Jose Ramos, president of the Salvadoran-American Association of Northern Virginia, said the redistricting would spur an effort to register more Latino voters. "I think we're part of the new reality," said Ramos, who lives in the area near the Cora Kelly Center in Alexandria, part of the proposed new district. He said he does not think the area's Latino community is ready to put up a candidate for state office. Ramos said most of the Latinos in the new district would be Salvadorans, but that other Latin Americans, notably Bolivians, figure prominently in the community. Ilryong Moon, a Korean American who formerly served on the Fairfax County School Board, said Latinos may not be the largest voting bloc.

"I suspect that a large part of that population is probably not made up of [U.S.] citizens, so they won't be able to vote," he said. Besides, "we cannot assume that a minority voter would vote for a minority candidate," he said. The proposed district was the product of talks between House Republican leaders and the Virginia branch of the NAACP, as well as other voting-rights advocates such as the American Civil Liberties Union and the Atlanta-based Southern Regional Council.

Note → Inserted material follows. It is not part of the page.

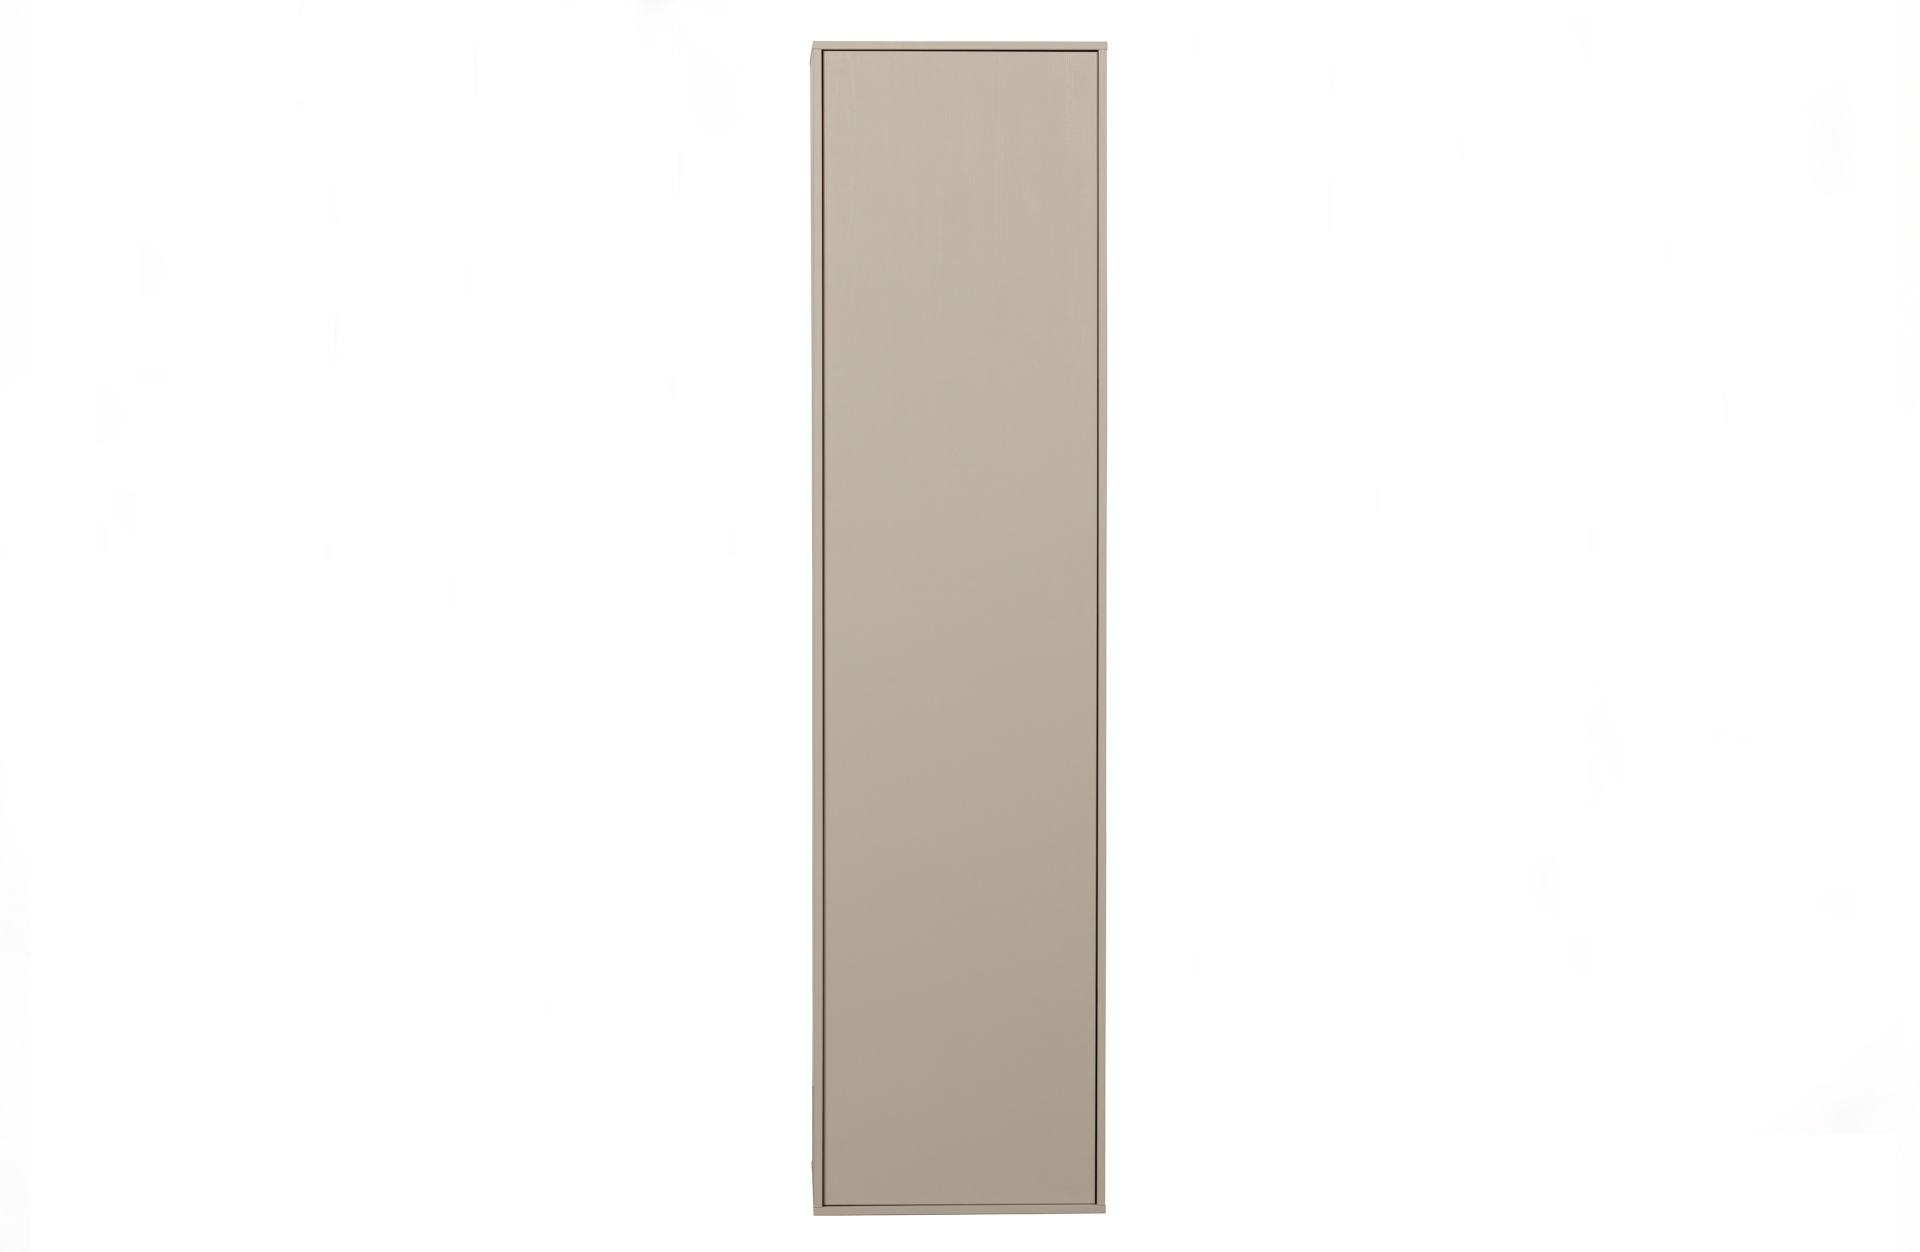 Der Modulschrank Daily Closet überzeugt mit seinem modernen Design. Gefertigt wurde er aus Kiefernholz, welches einen grauen Farbton besitzt. Der Schrank verfügt über eine Tür und hat eine Größe von 200x50 cm

House Speaker S. Vance Wilkins Jr. (R-Amherst) and King Salim Khalfani, executive director of the state NAACP, said the civil rights groups raised the possibility of creating the district by pointing out the stunning transformation of Northern Virginia's population.

"The issue was for voters to have some influence, especially in those communities that historically have not participated," Khalfani said. Wilkins said the district "is the logical outgrowth of the population shifts up there. We hadn't really thought about it until the NAACP sent us a letter." In the Senate, the Republican majority also took special steps to preserve the Latino community around Baileys Crossroads, revising its plan for a new 31st District to include the Baileys precinct, rather than putting it farther south in the 35th District. Sen. William C. Mims (R-Loudoun), who drafted the Senate's redistricting plan for Northern Virginia, said moving the Baileys precinct would help maintain "the community of interest" for Fairfax Latinos. However, Sen. Leslie L. Byrne (D-Fairfax), a member of the Senate redistricting committee, said that the Mims plan had the effect of "slicing and dicing" the Latino community and diluting its strength. Staff writer William Branigin contributed to this report.